Я поборол желание почесать в затылке и приступил к ответу.
— Ритуал пришёл из походных традиций, когда комендантша военного лагеря назначала па́жиньку, па́жицу, паже́ссу… в общем, девушку-пажа, которая укажет место, отведённое для размещения знатной ры́царши, прибывшей по зову королевы. Знаешь, это как лоцман, который сопровождает корабли к месту швартовки мимо мелей и рифов. А сейчас так принято встречать госпожу, вернувшуюся после длительного странствия или впервые посетившую усадьбу, как в случае с Клэр.
— А эта тётка, кто она? — кивнул в сторону встречающих, уточнил товарищ.
— Не знаю, но, скорее всего, управляющая имением, — тихо отозвался я.

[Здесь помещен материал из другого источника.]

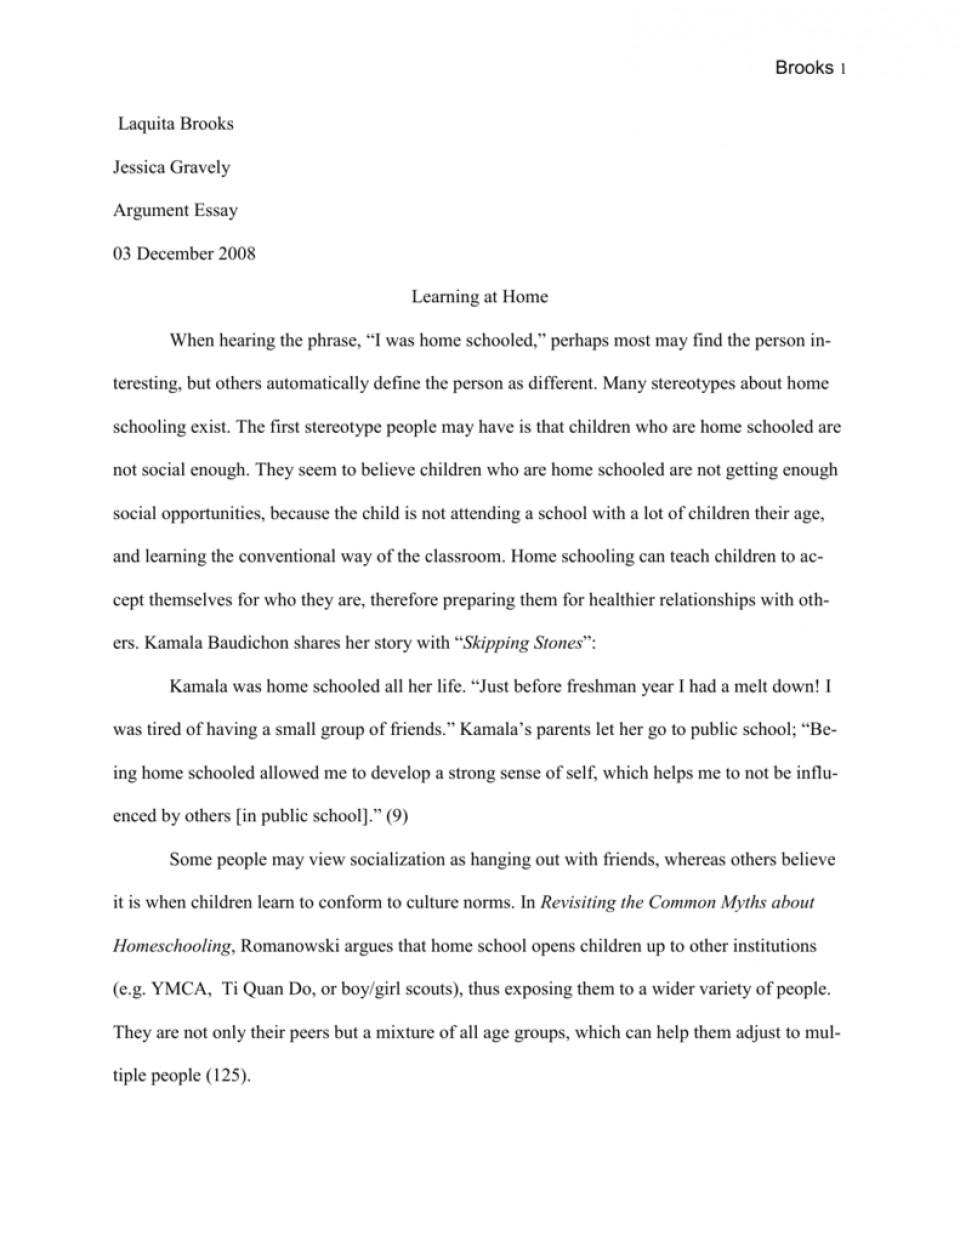 Best term paper ghostwriting service online

Лейтенант угукнул в знак понимания.
После щитоносцев наступила очередь девушки с подушечкой, на которой, как выяснилось, лежала связка золотых и серебряных ключей на стальном кольце, совсем как в сказке про Буратино, разве что число ключей соответствовало количеству рыцарских благодетелей как пожелание и напоминание от жителей обители. Всего их было девять: смелость, справедливость, милосердие, щедрость, верность, благородство, надежда, сила, скромность. Юная графиня, преисполненная пафосом и эмоциями под самую завязку, звякнула ключами, подвесив их рядом с «последней надеждой».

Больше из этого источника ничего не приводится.